HOW TO COMPLETE THIS TASK:
Copy out all of the data word for word. Omit every picture.

DATA BLOCK:
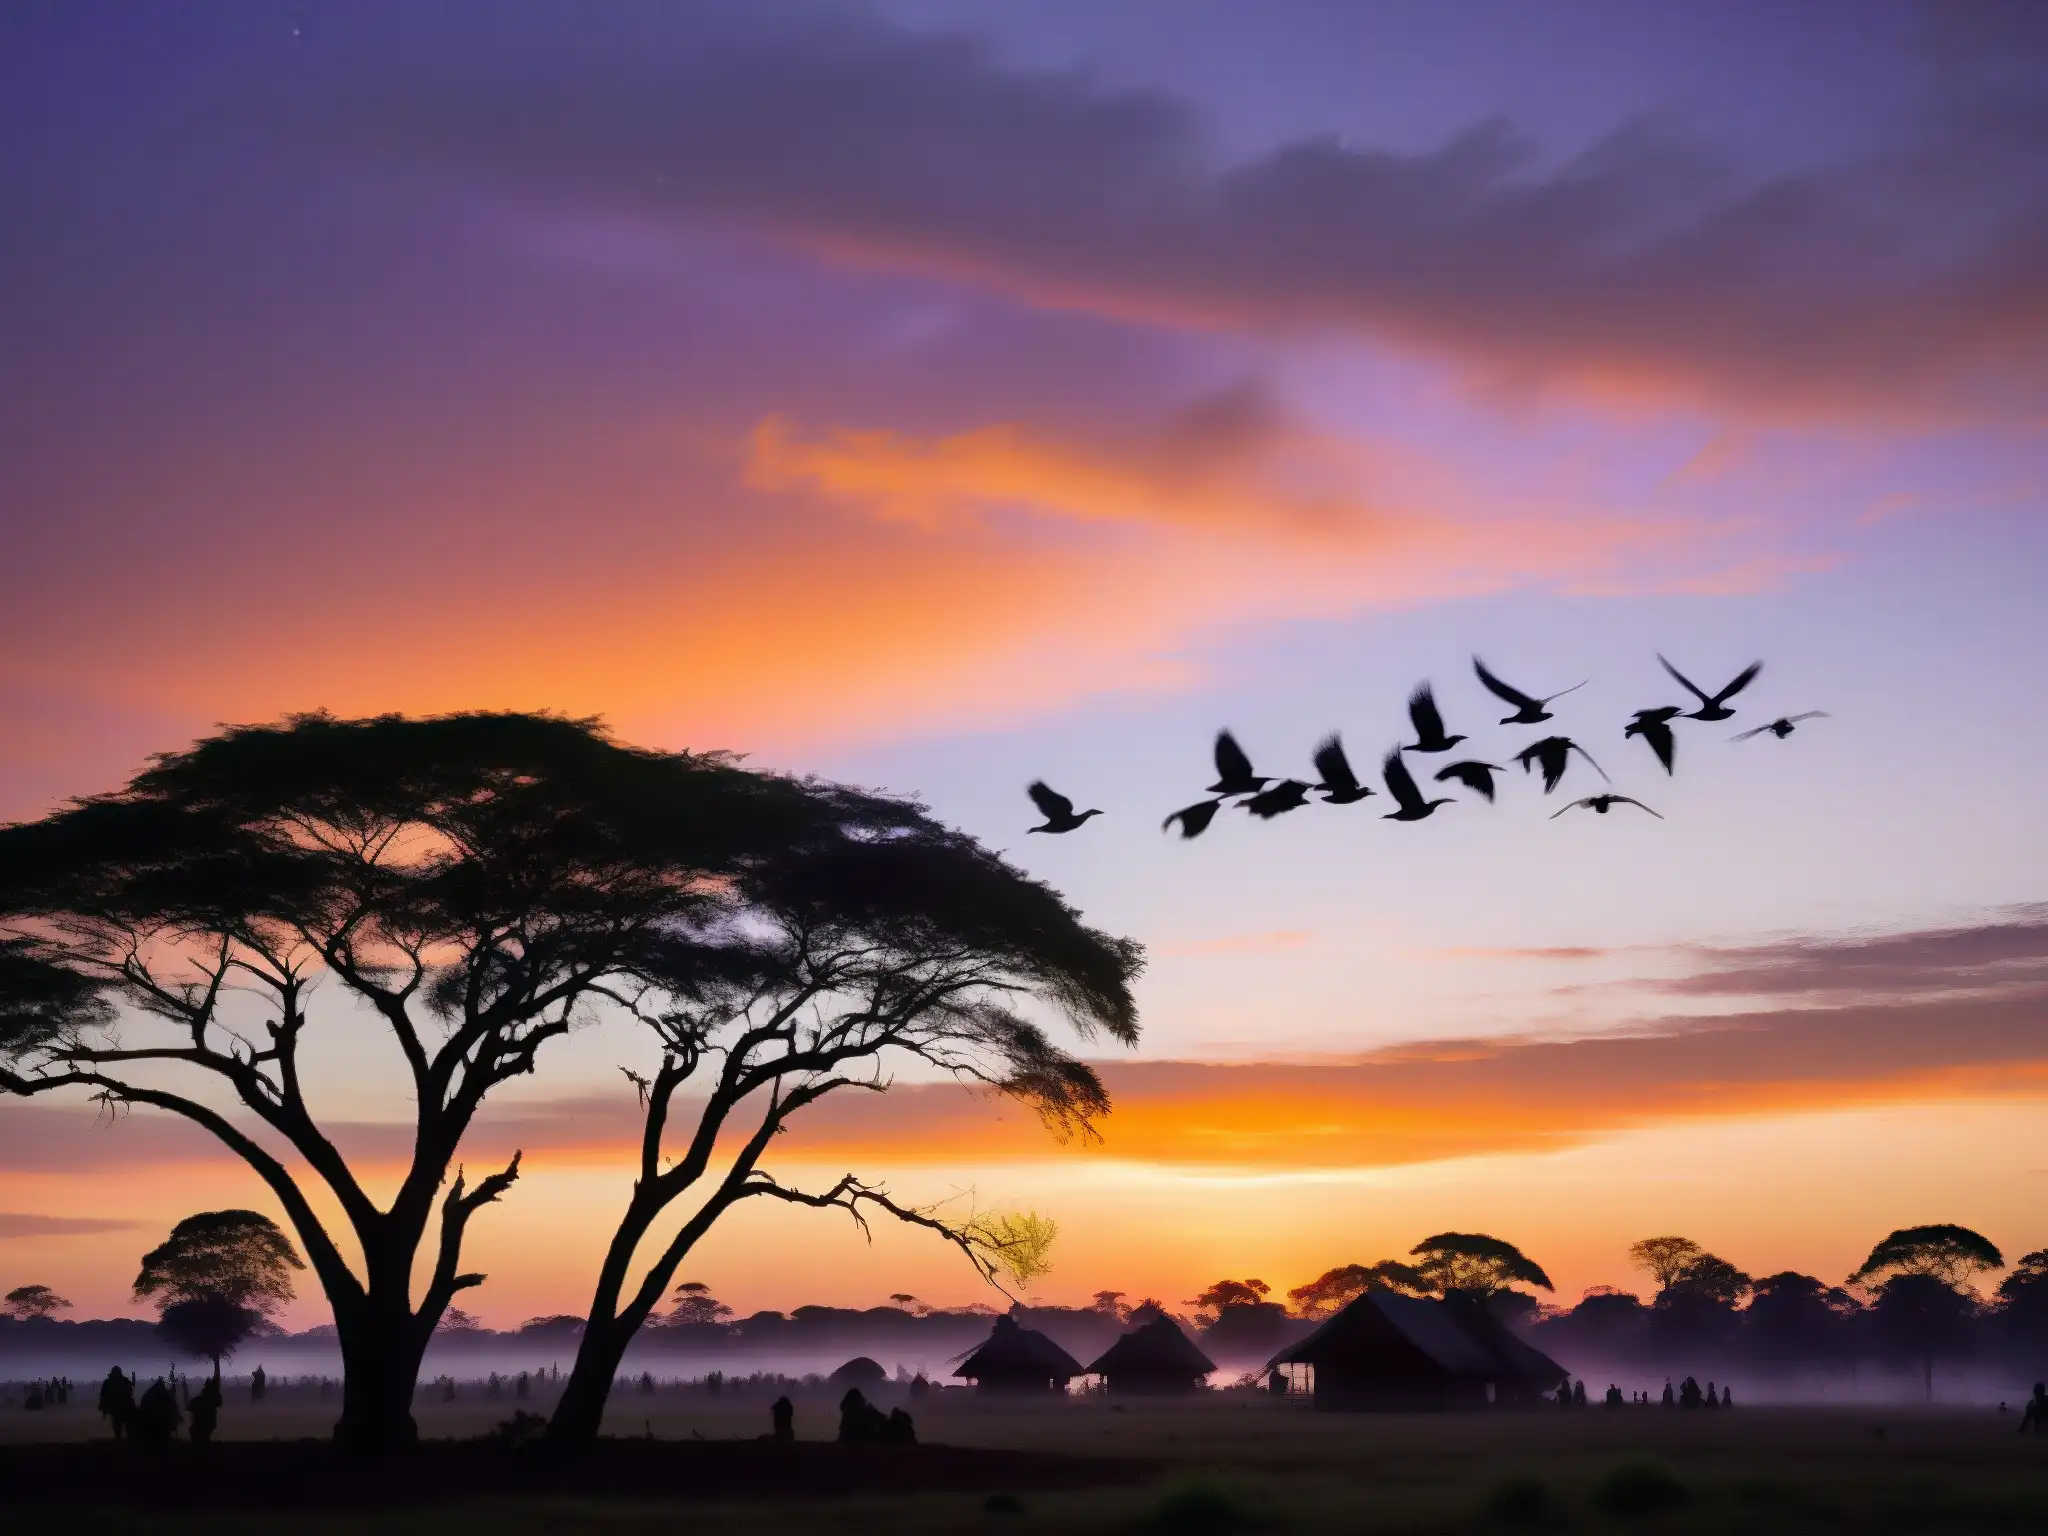 Un atardecer misterioso en Jatinga, con aves borrosas descendiendo hacia la aldea iluminada
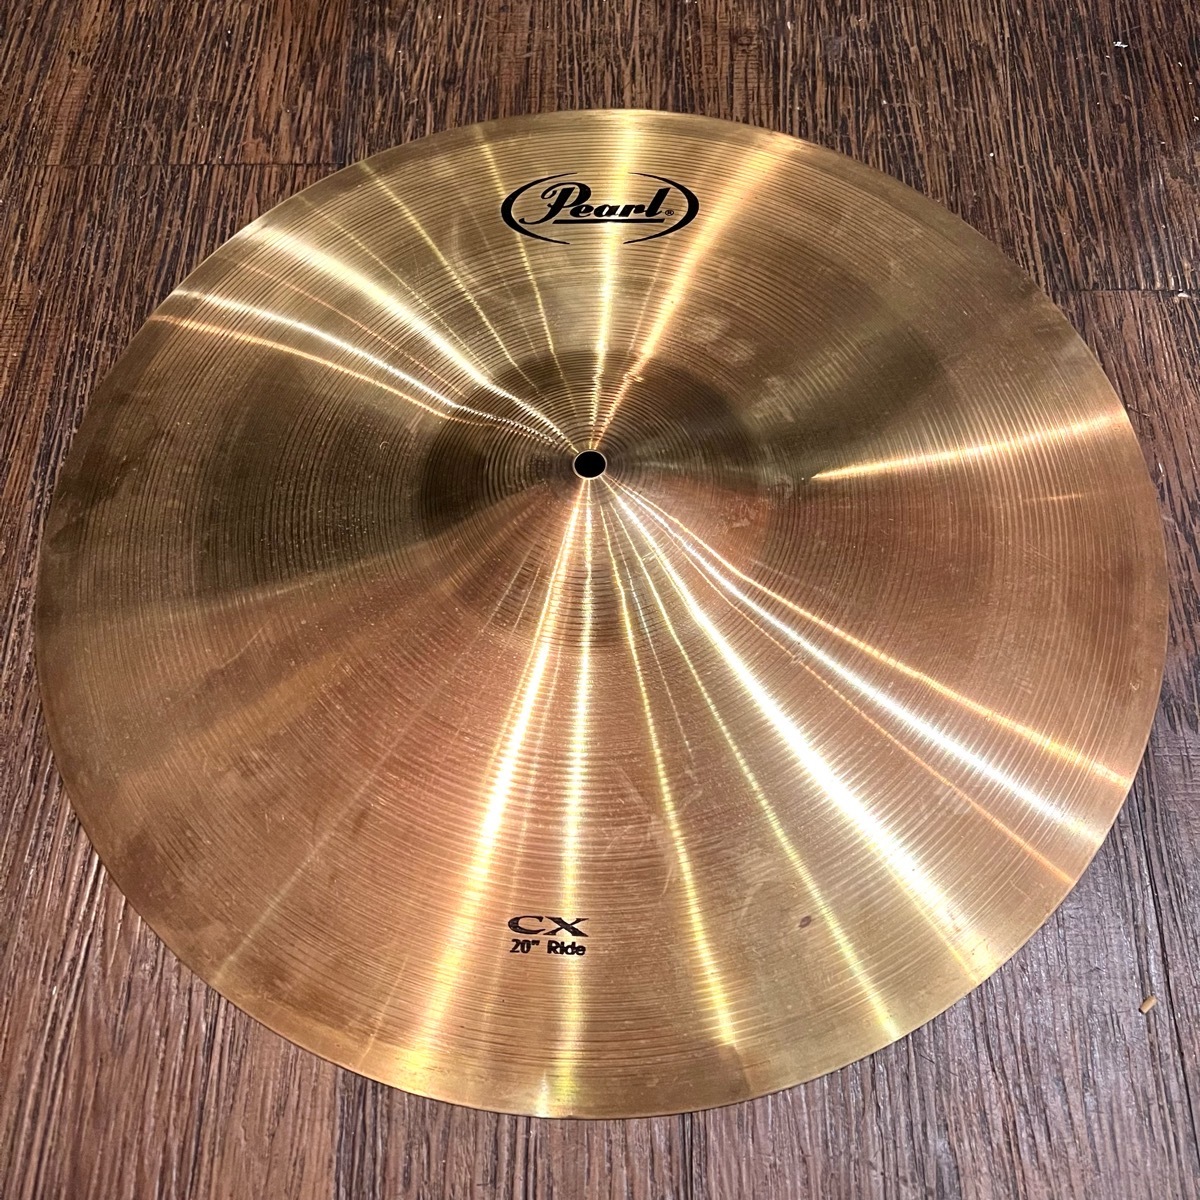 Pearl パール CX cymbal ライドシンバル 20インチ -GrunSound-h408-_画像1
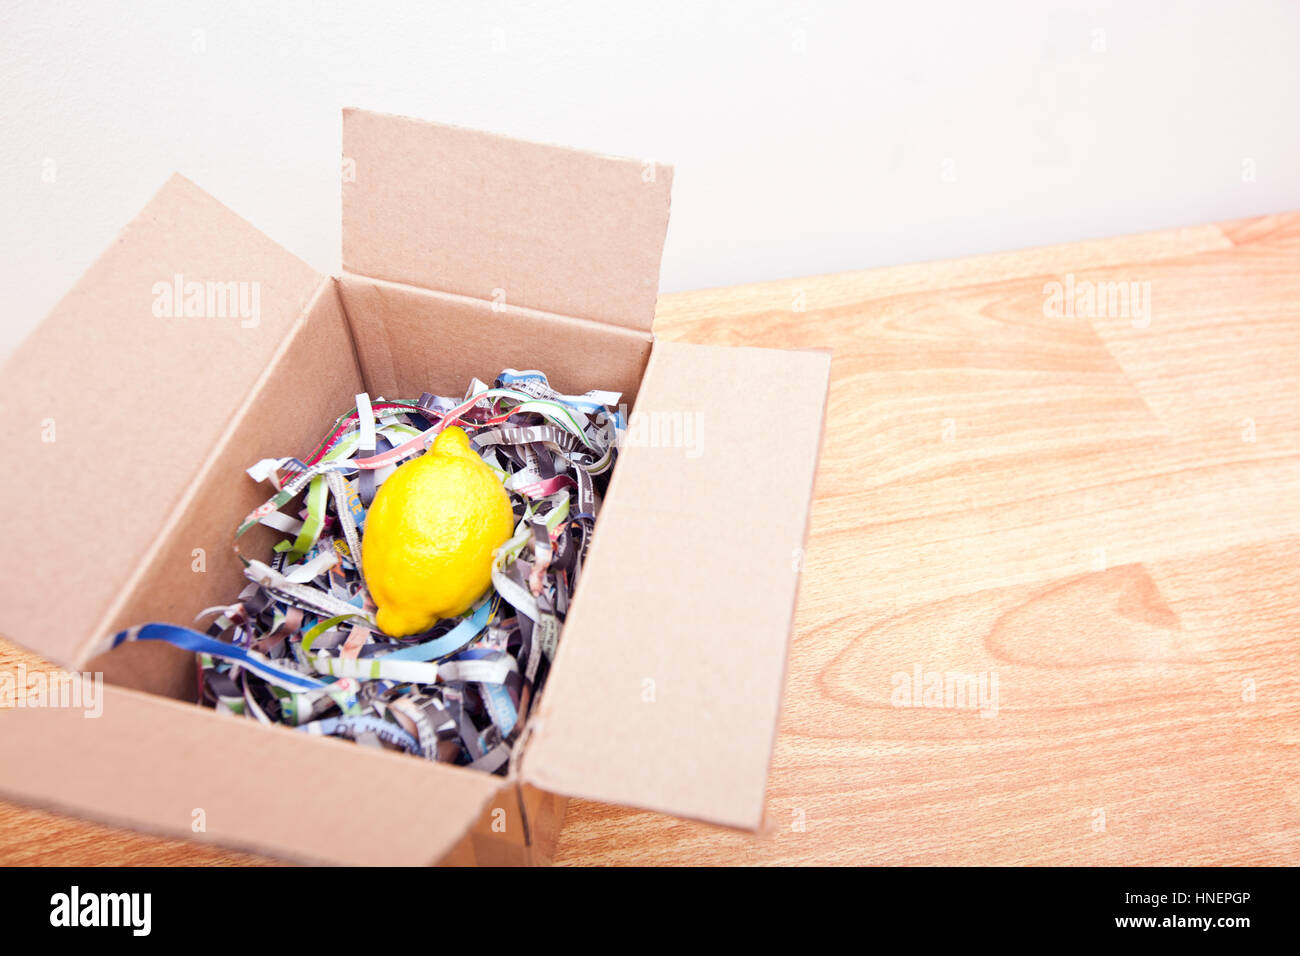 Le citron enveloppé dans une boîte Banque D'Images
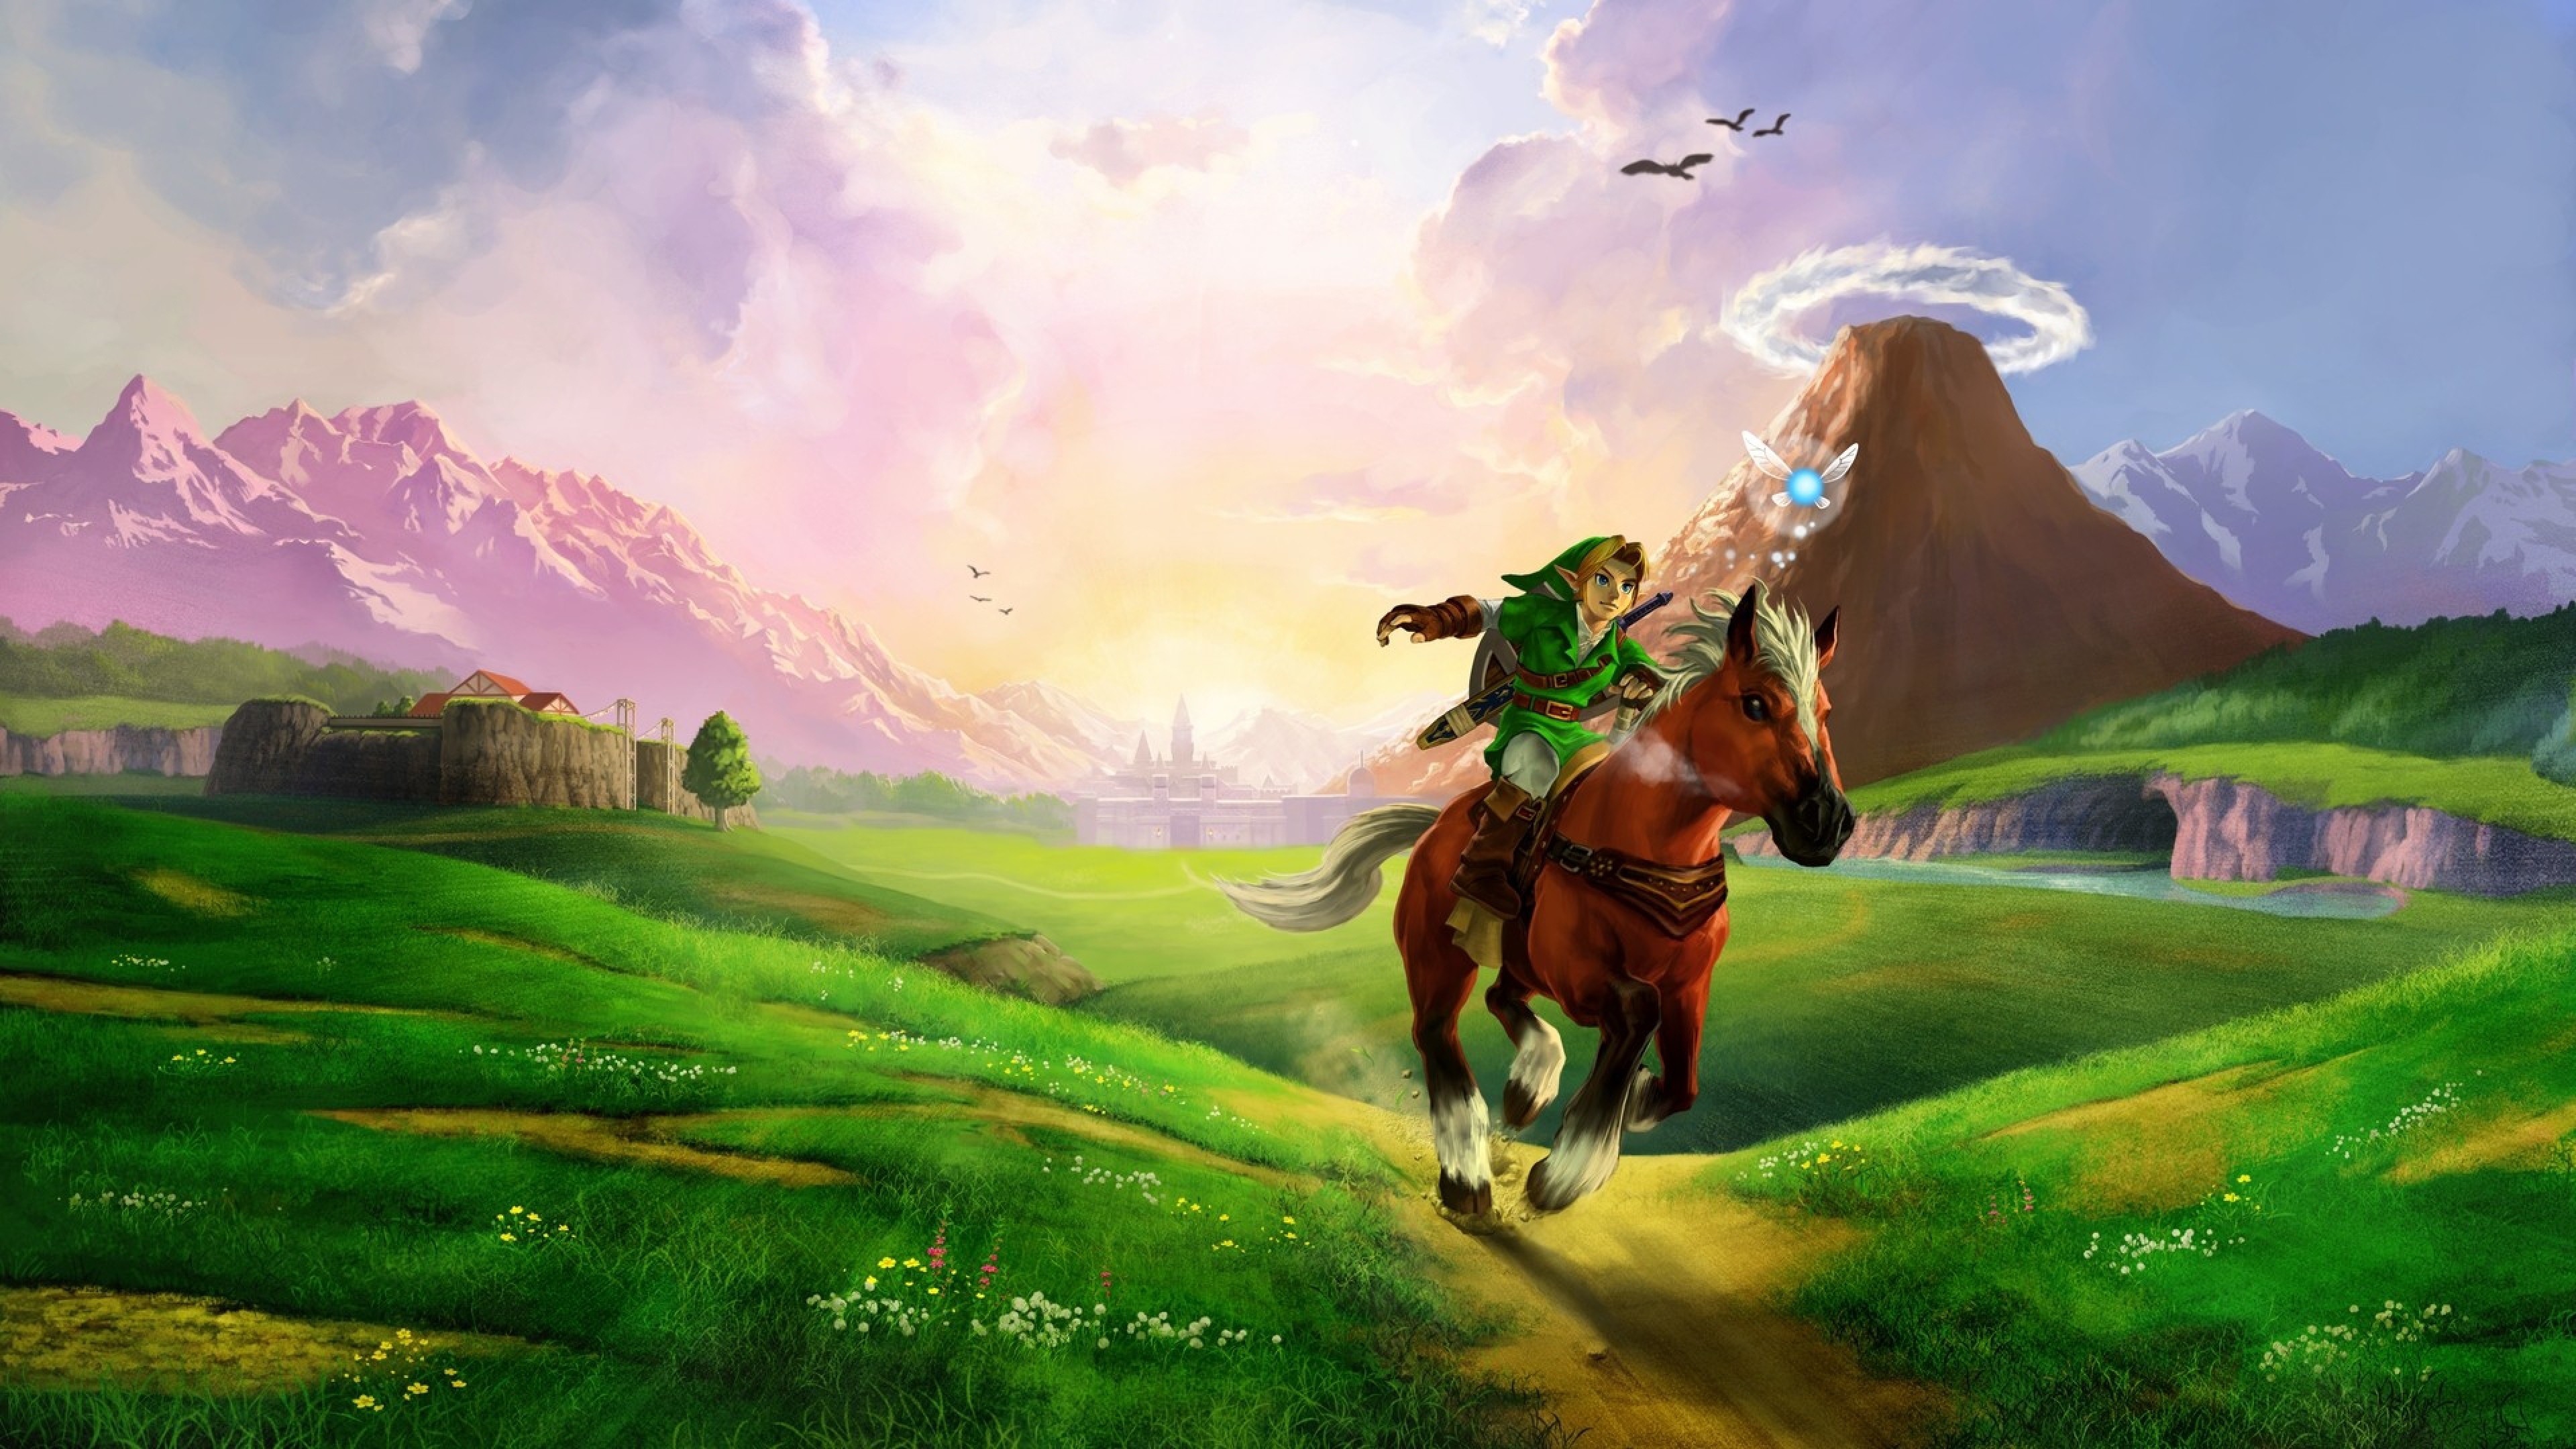 49+] Zelda 4K Wallpaper - WallpaperSafari

RESULT OF THIS EXERCISE:
 Un atardecer misterioso en Jatinga, con aves borrosas descendiendo hacia la aldea iluminada
 Pearl パール CX cymbal ライドシンバル 20インチ -GrunSound-h408-_画像1
 Le citron enveloppé dans une boîte Banque D'Images
 49+] Zelda 4K Wallpaper - WallpaperSafari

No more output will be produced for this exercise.